Distributed and Contextual Representations

Distributed representations address the fundamental limitations of sparse BoW vectors: their inability to capture semantic similarity (the vectors for "car" and "automobile" are orthogonal) and their high dimensionality (equal to the vocabulary size). Word2Vec (Mikolov et al., 2013) and GloVe (Pennington et al., 2014) learn dense vector representations where semantically similar words occupy nearby points in a continuous vector space. Document representations can be constructed by averaging word embeddings, using Doc2Vec, or applying more sophisticated composition functions.

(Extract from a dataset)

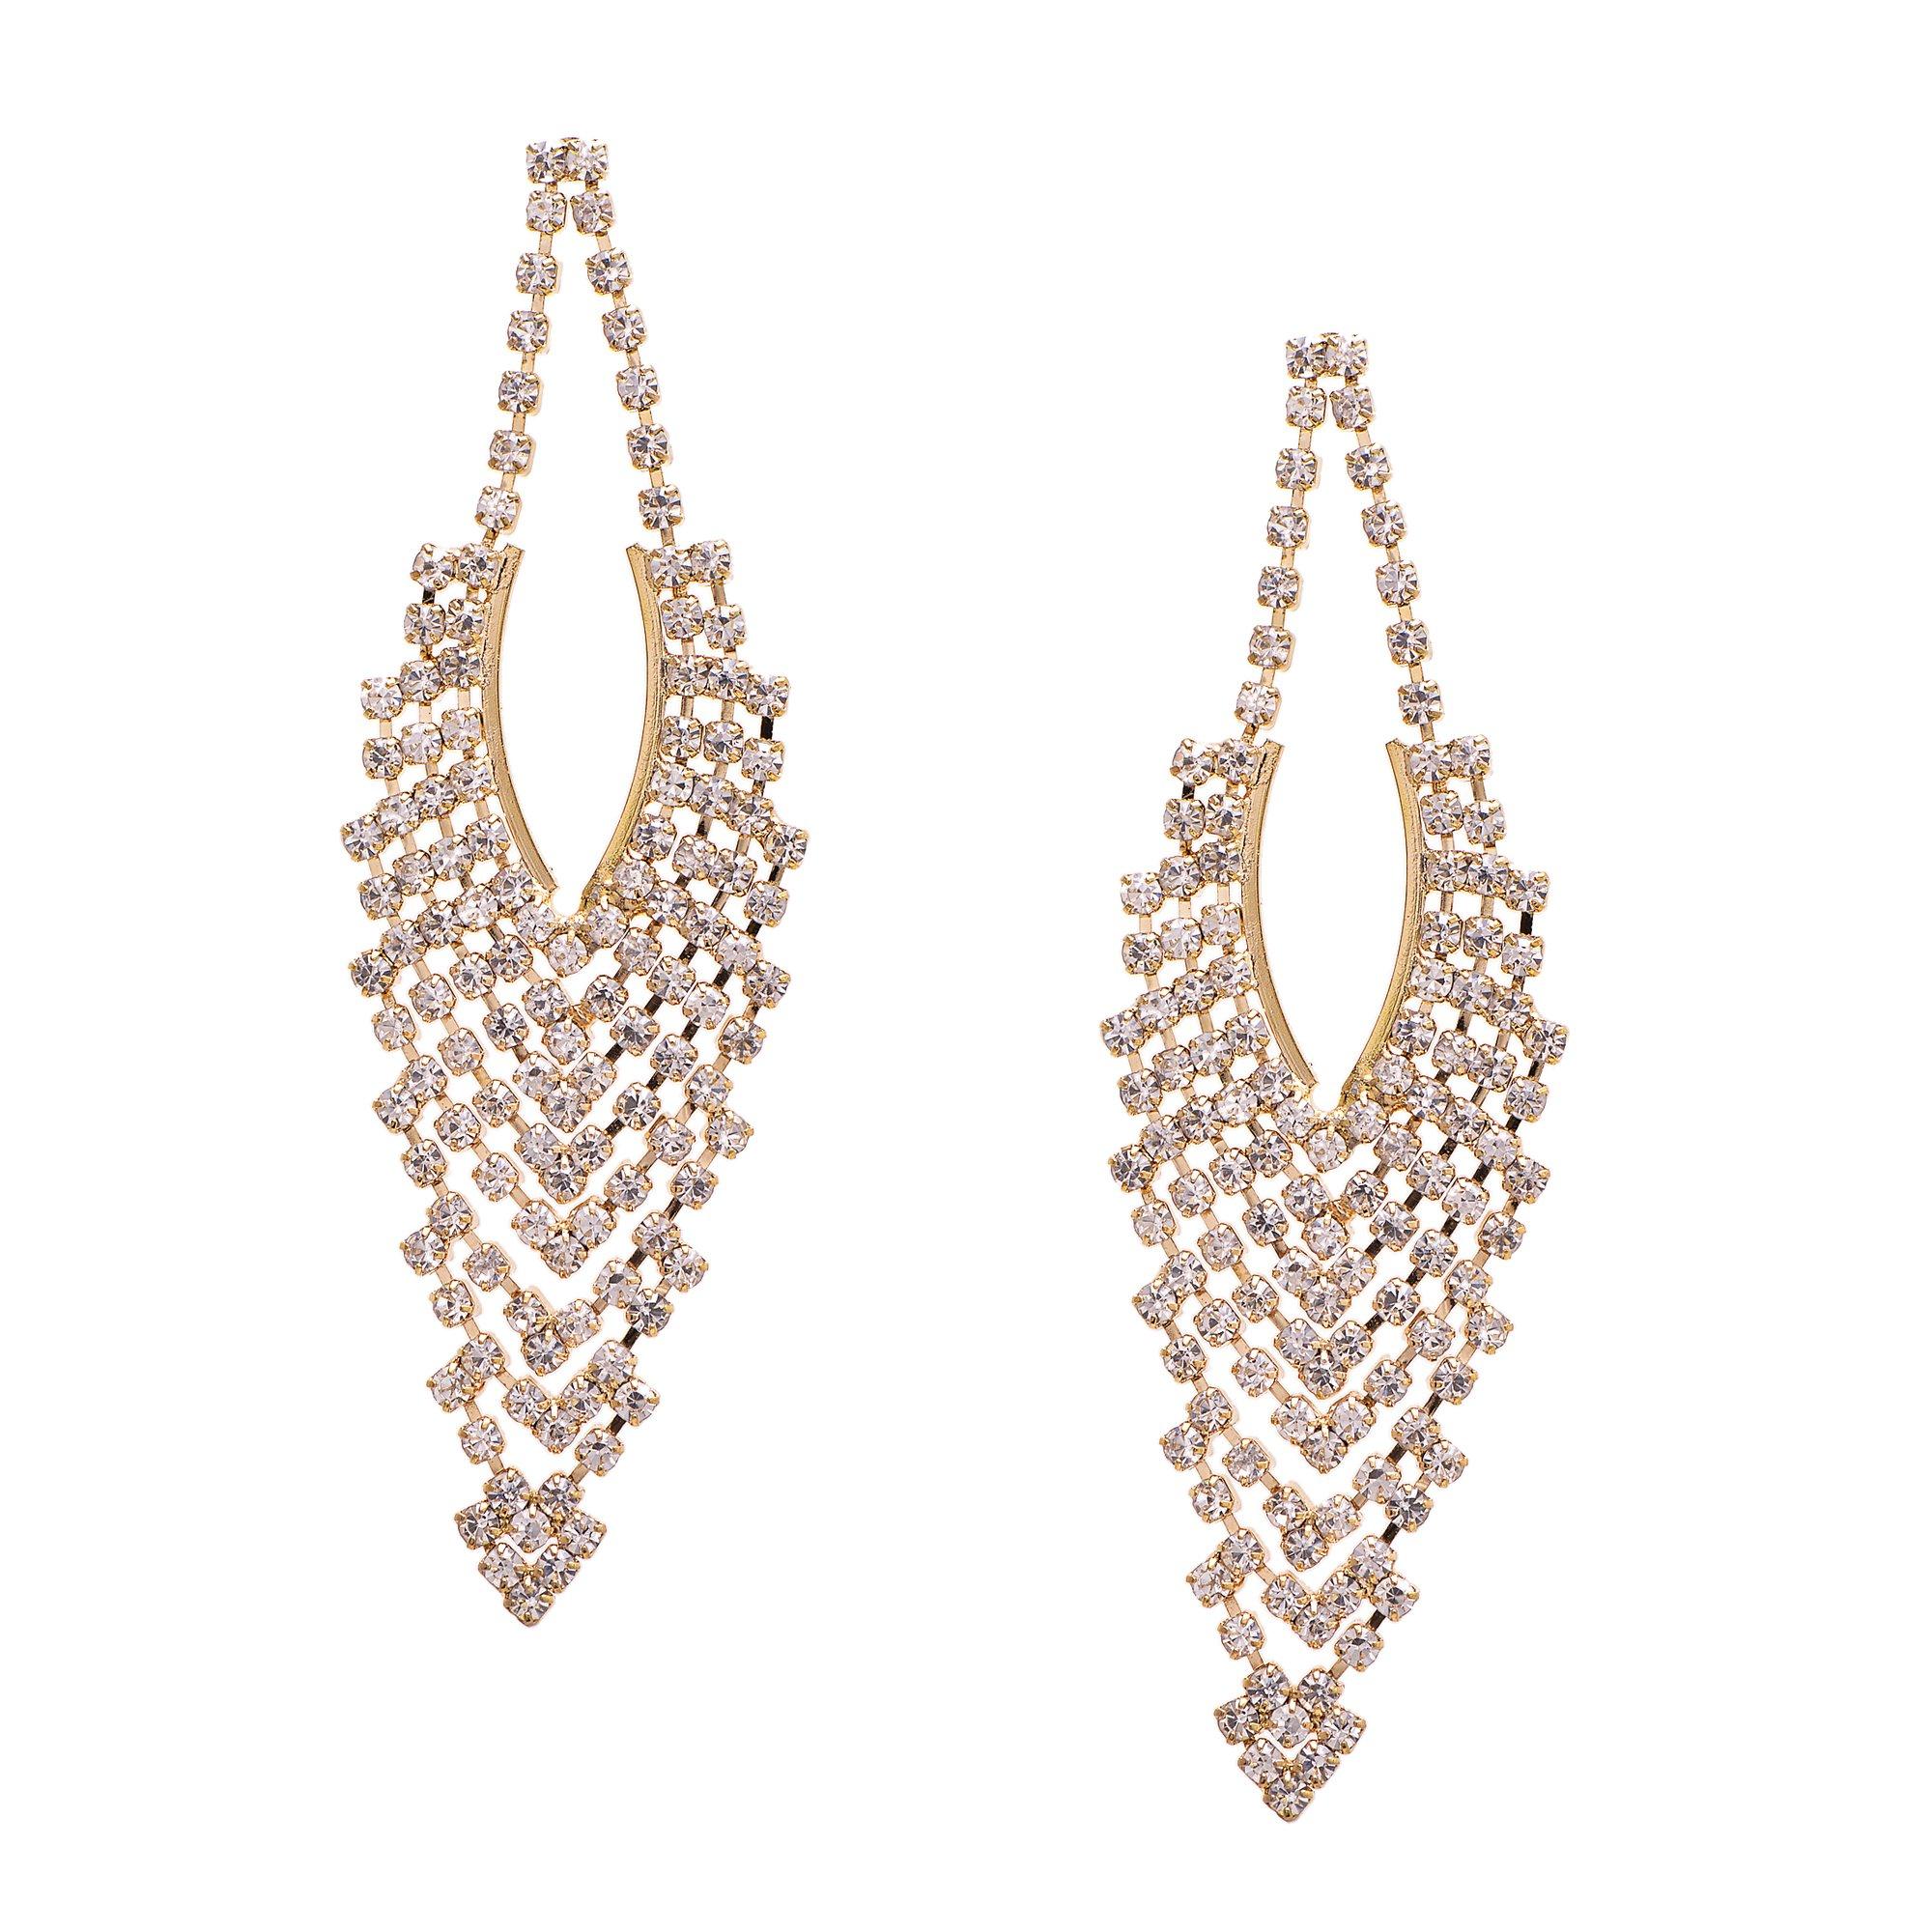 Spinningdaisy Vintage Style Rhinestone Dangling Chandelier Earrings (Gold)
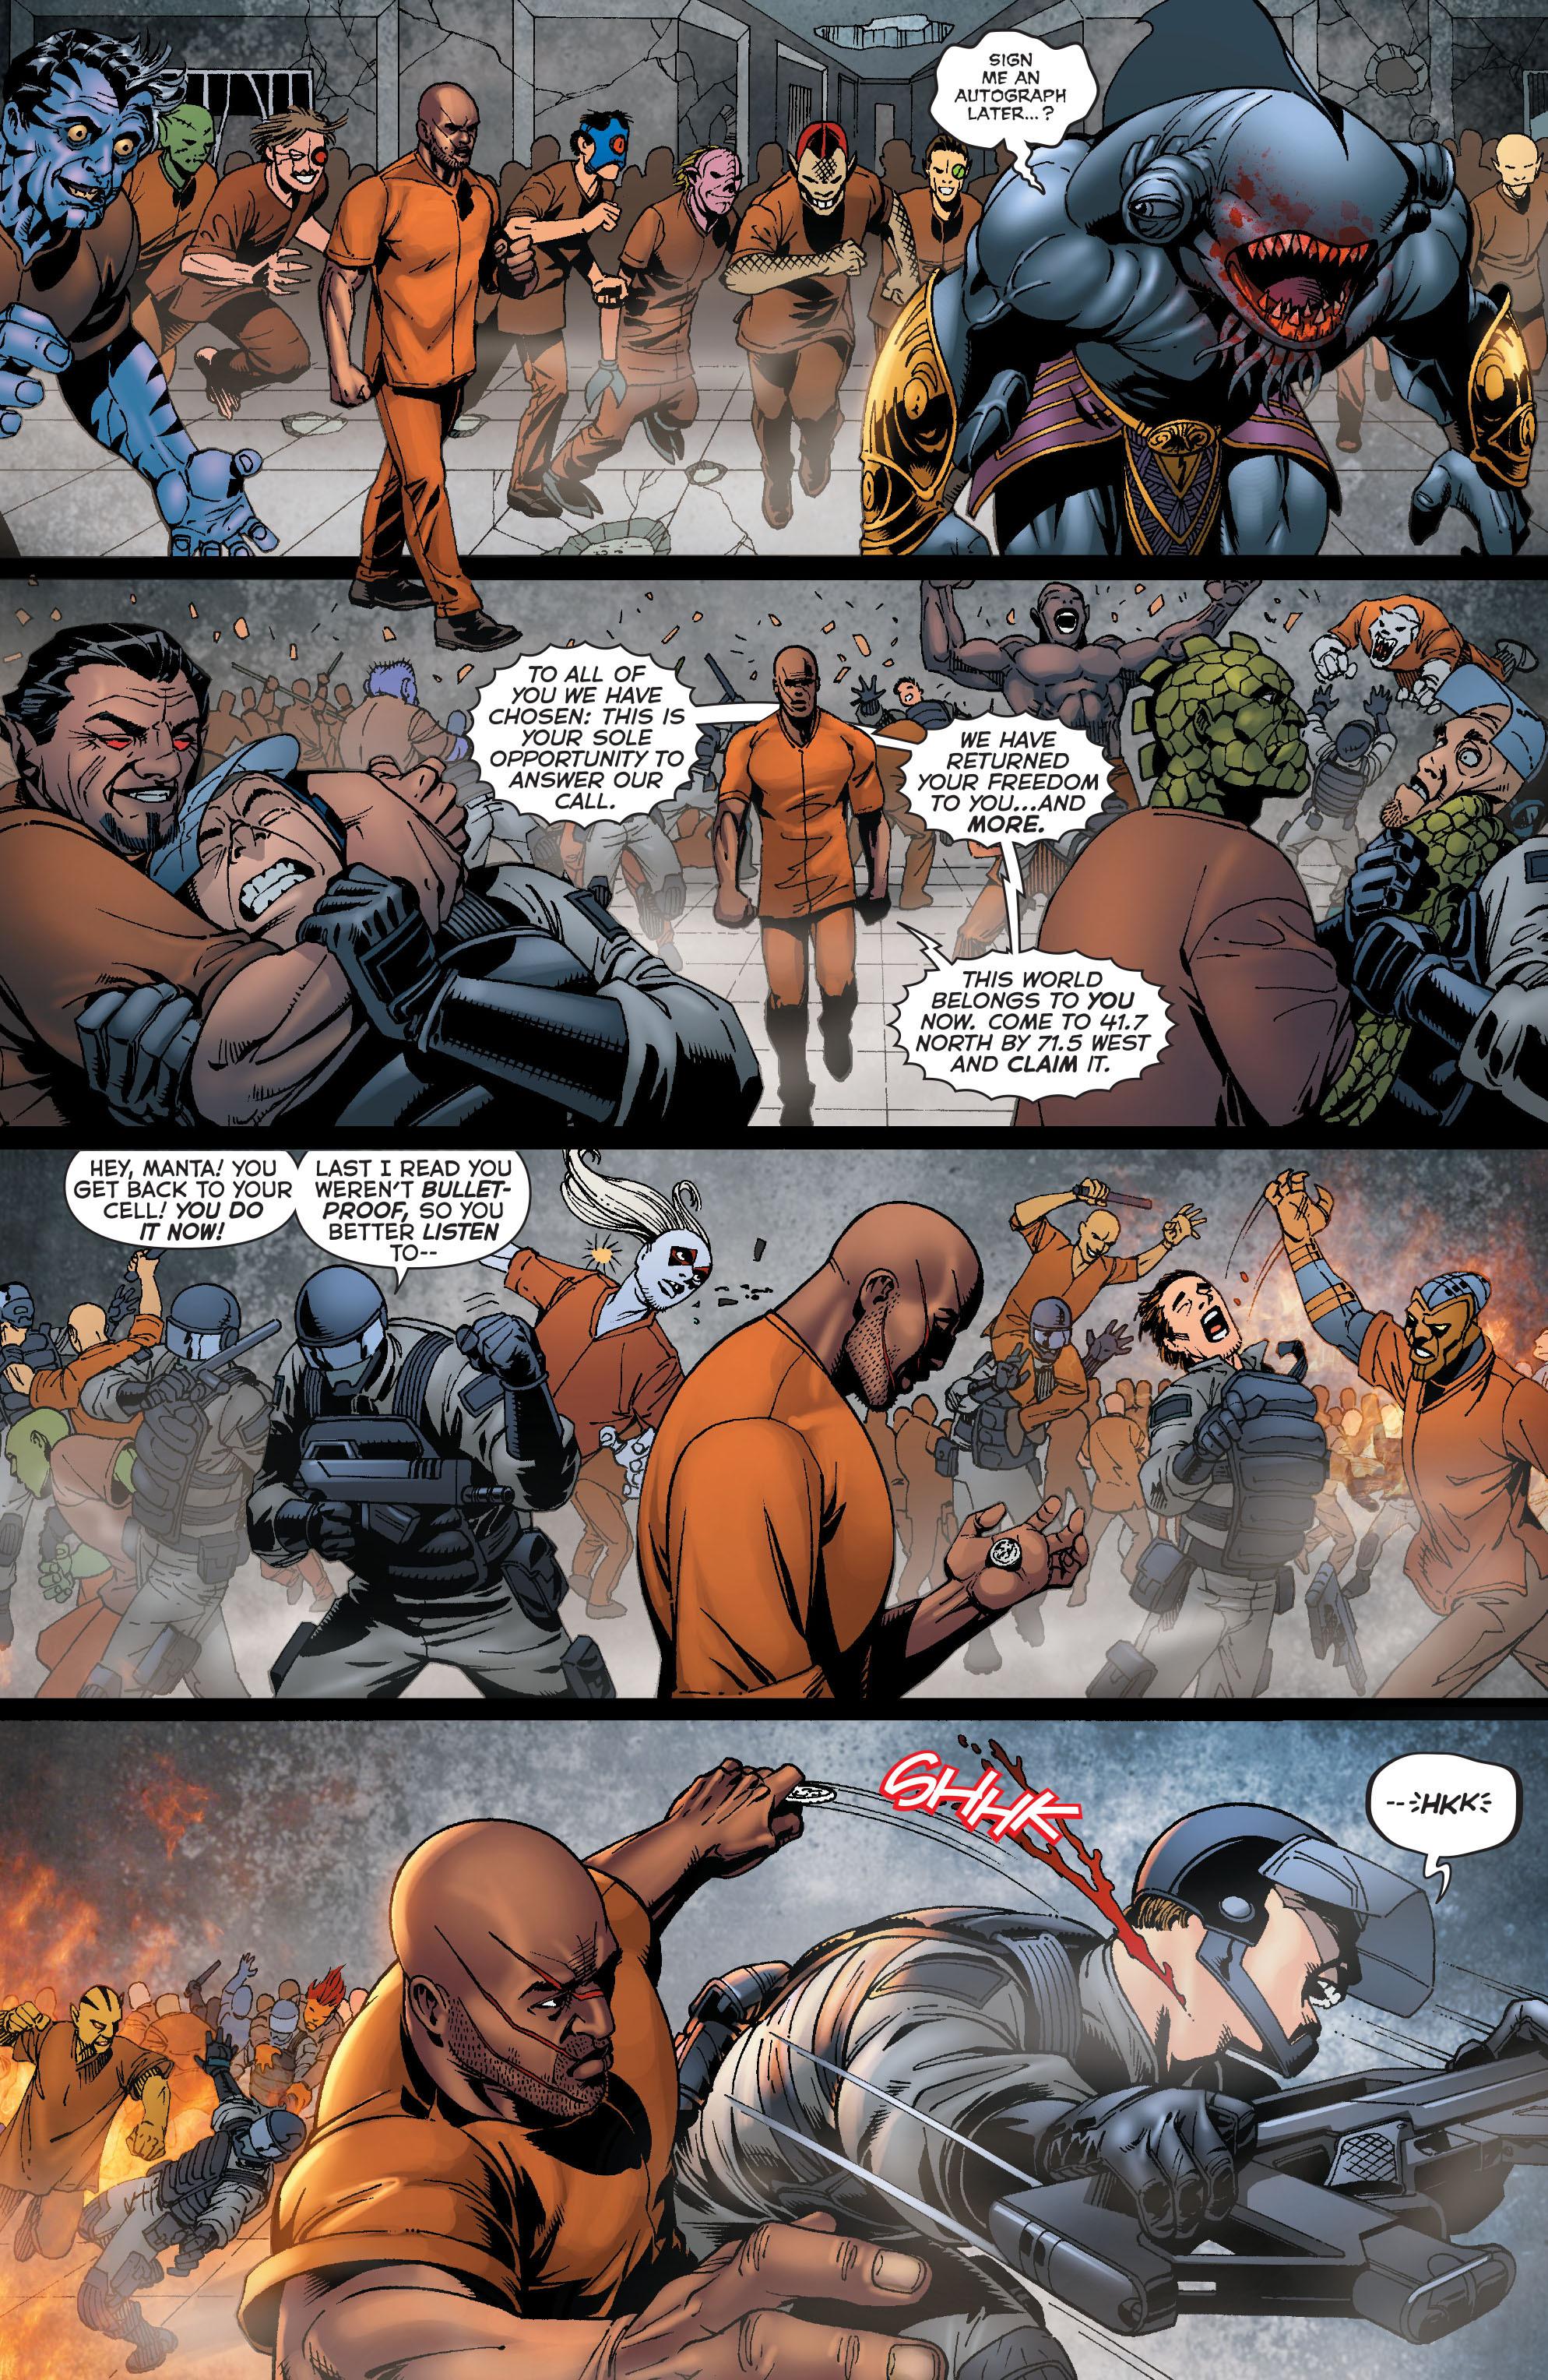 Read online Aquaman (2011) comic -  Issue #23.1 - 8

The Distributional Hypothesis

All distributed representations rest on the distributional hypothesis articulated by Zellig Harris (1954) and popularised by J. R. Firth's dictum that "you shall know a word by the company it keeps." Words that appear in similar contexts tend to have similar meanings, and this statistical regularity provides the signal that embedding algorithms exploit. The success of word embeddings validated decades of theoretical work in distributional semantics and established vector space models as the dominant paradigm in computational semantics.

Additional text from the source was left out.